Change the code to the above - this will comment out the check for the date stamp on the file and use the LastWriteTime associated with the file.

If there is some other way to organize the files in an appropriate order - that can be added. For example, if you want to process the files by the first part of the file name (e.g. 302150, 261750, 21112) then you can parse that information out of the file name - add a new column to the data table - add the value to the data table and then sort by that field and the FileDate in the DataView.

To review - you have 2 issues here. The first issue is how to identify the files to be processed by this package.
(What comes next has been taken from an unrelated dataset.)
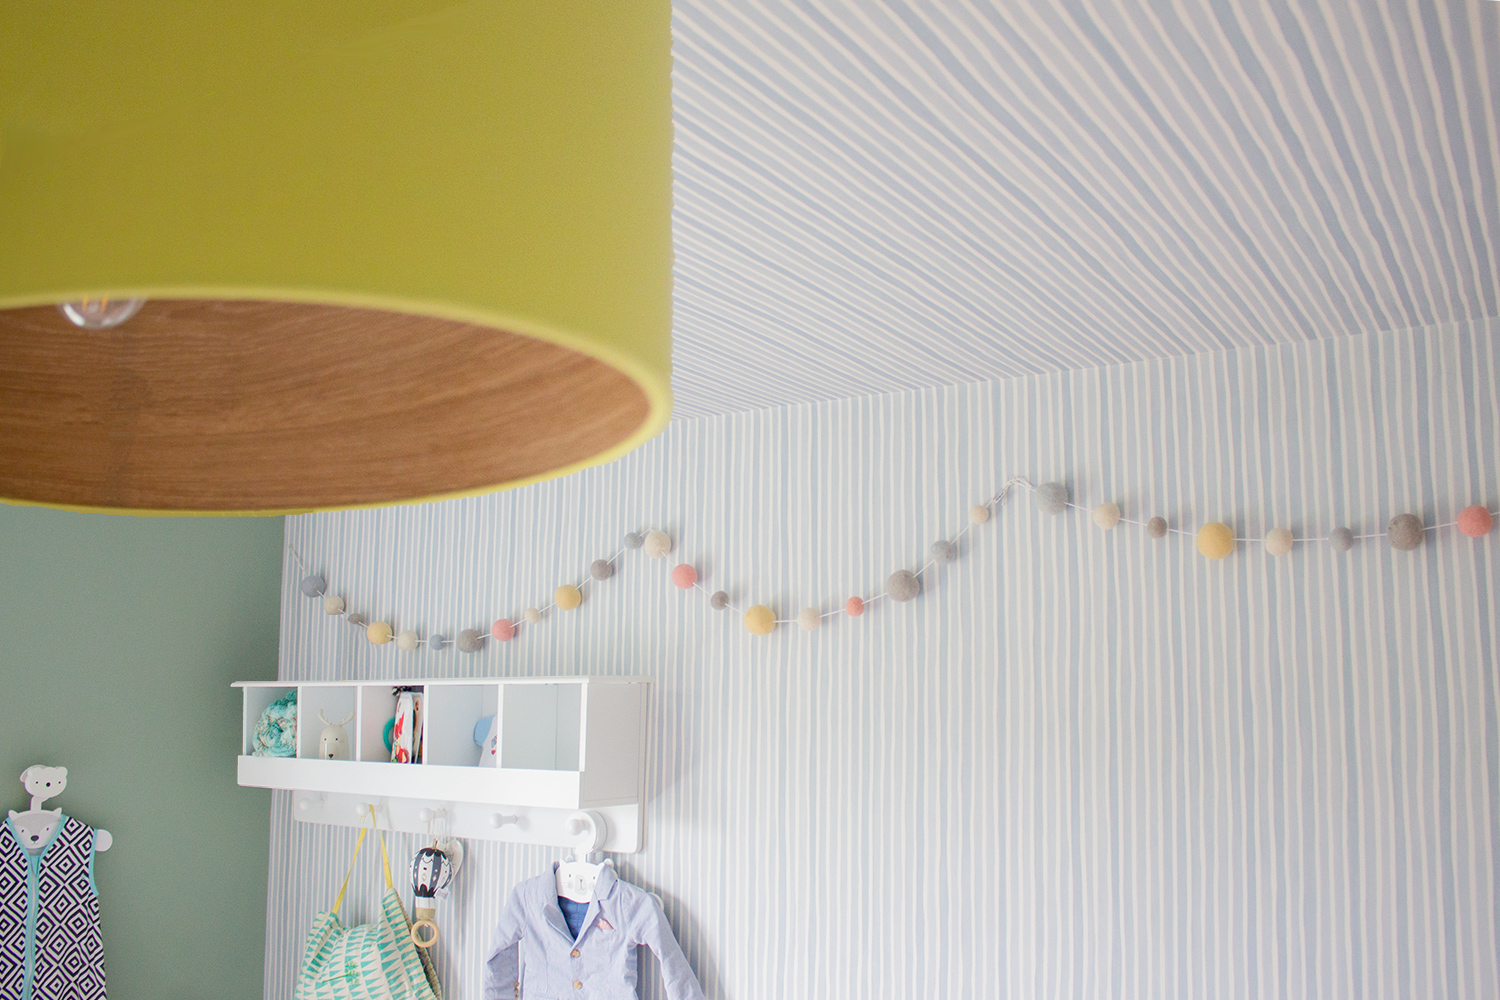 A photo of the nursery shwoing the striped wallpaper going up one wall and continuing on to the ceiling.

The second issue is how to identify the order of processing for those files.

Once you have that information we can modify the code to handle that and return a sorted file list to process the files in the appropriate groups and order.

only files with gl should be processed and there will never be files with gl in the name that should not be processed.

the reason im going with the latestdate on the file in my original code was to basically order them.

so my folder might looks like this
302150_JPY_GL
261750 GL
21112 GL
302150_JPY_holdings

so i was trying to get it to pick the lasts date on the files with gl in the name pick that one up process it then move it to archive then pick up the next . but if that holdings file had the latest date that was been picked up even thought i thought i had logic in my code to only look for the data with the keyword gl.

i will try the change of logic see how that works. thanks for all the help

The file pattern should be GL.{ext} - not sure what extension you have for these files, but set that portion as well. If they are CSV files then GL.csv - if text files then GL.txt.

thank you

Hi Jeff,

Hi, I am trying to follow your post but seems like I am missing something. I need to look for latest file from directory and move it to the different directory.

For example, I have below files in the folder and need to look for the latest test file(Test_20221011.txt) from the directory. I appreciate your help.

Exam_20221127.txt

Test_20221011.txt

Address_20221009.txt

Exam_20220925.txt

Test_20220620.txt

Test_20220521.txt

Test20220303.txt

Exam_20220201.txt

Hi, I am trying to follow your post but seems like I am missing something. I need to look for latest file from directory and move it to the different directory.

For example, I have below files in the folder and need to look for the latest test file(Test_20221011.txt) from the directory. I appreciate your help.

Exam_20221127.txt

Test_20221011.txt

Address_20221009.txt

Exam_20220925.txt

Test_20220620.txt

Test_20220521.txt

Test20220303.txt

Exam_20220201.txt

To find the latest file based on the timestamp in the filename - you want to set the FilePattern to "Test_*.txt". This will limit the results to only those files that begin with 'Test'.

Since the last 8 characters of the filename are in the format YYYYMMDD - the above code will find all files with that pattern and convert the timestamp to an actual date.

The list of files found will then be returned sorted by the FileDate that was generated.

If you reverse the order then the first item in the list will be the newest file. You can then use that to drive the rest of your processing.